**EXERCISE BRIEF**
Please output exactly the lines below, starting at the line that has "ショルダーバッグ ネイビー 斜めがけ" and ending at the line that has "Procedimiento Cyro óvulos", both included; leave out all pictures and include nothing else.

**TASK INPUTS**
* * * *
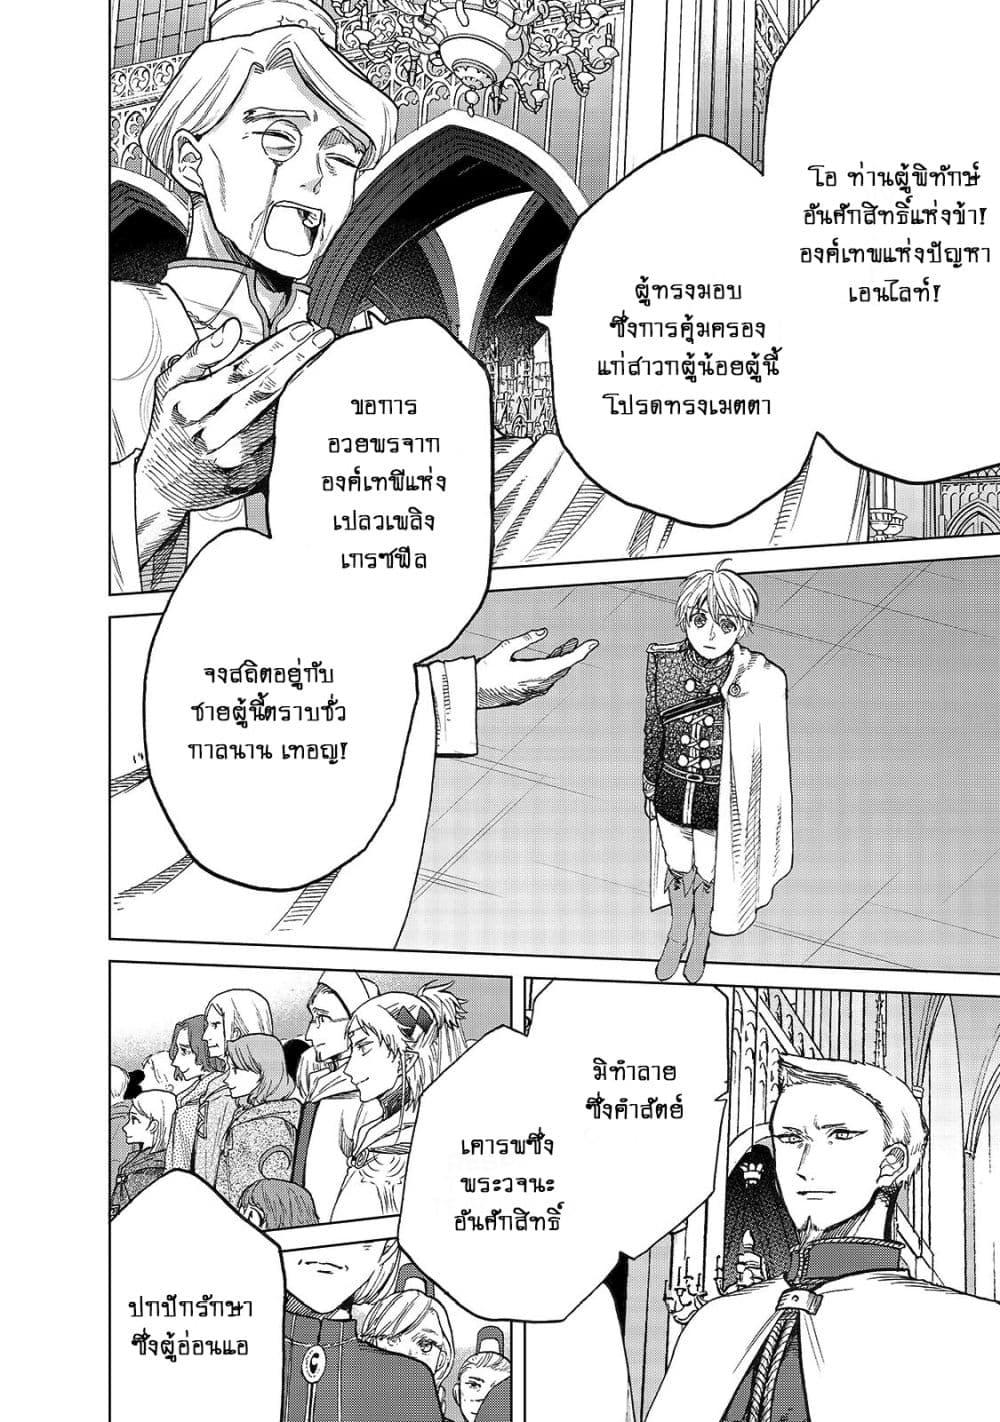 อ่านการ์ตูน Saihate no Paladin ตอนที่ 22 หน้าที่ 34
* * * *
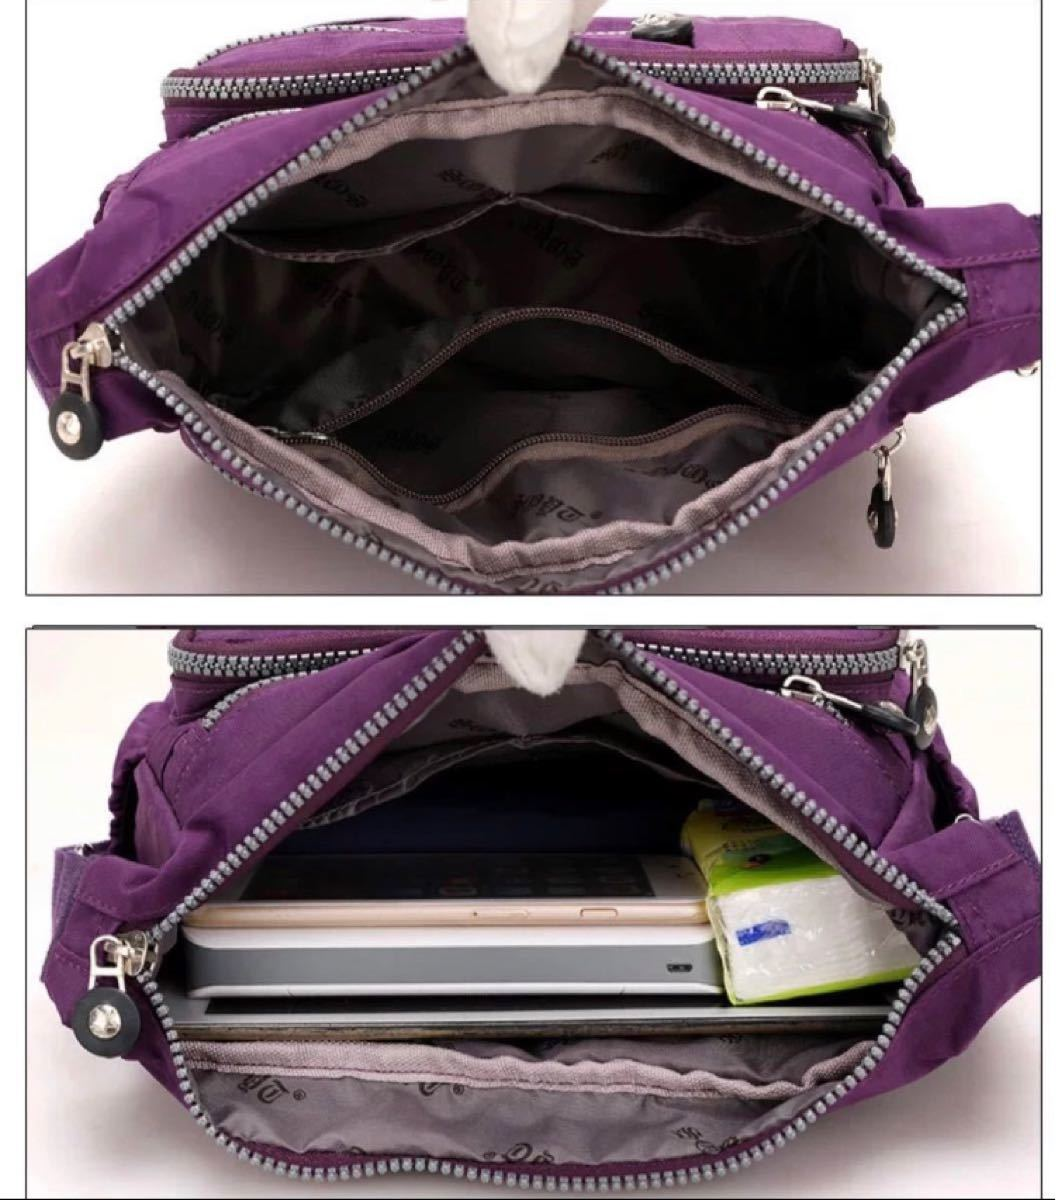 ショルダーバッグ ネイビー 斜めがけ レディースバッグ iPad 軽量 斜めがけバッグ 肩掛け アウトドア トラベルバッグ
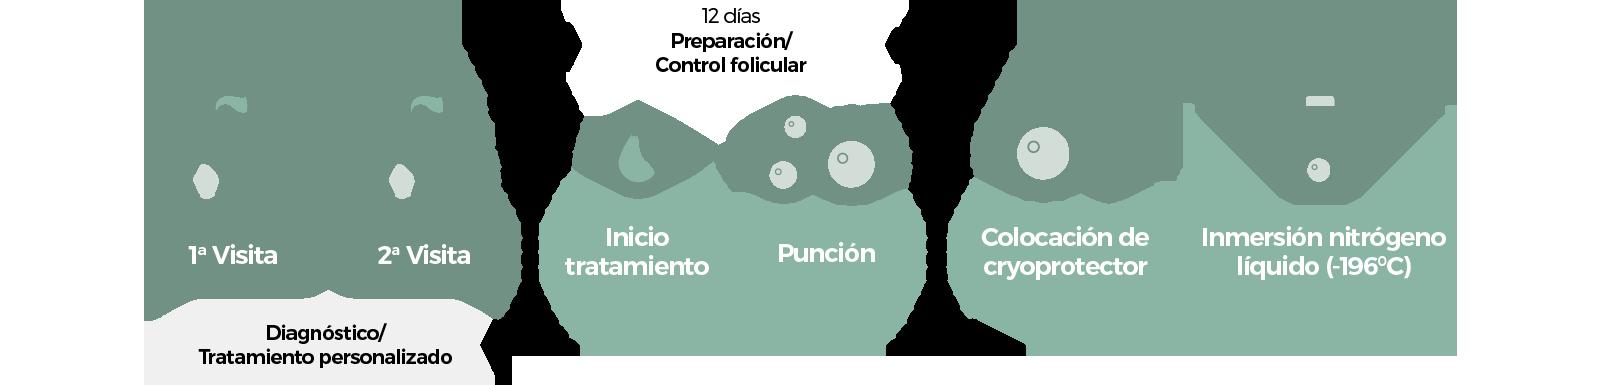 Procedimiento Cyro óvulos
* * * *
**RESPONSE AREA**
 ショルダーバッグ ネイビー 斜めがけ レディースバッグ iPad 軽量 斜めがけバッグ 肩掛け アウトドア トラベルバッグ
 Procedimiento Cyro óvulos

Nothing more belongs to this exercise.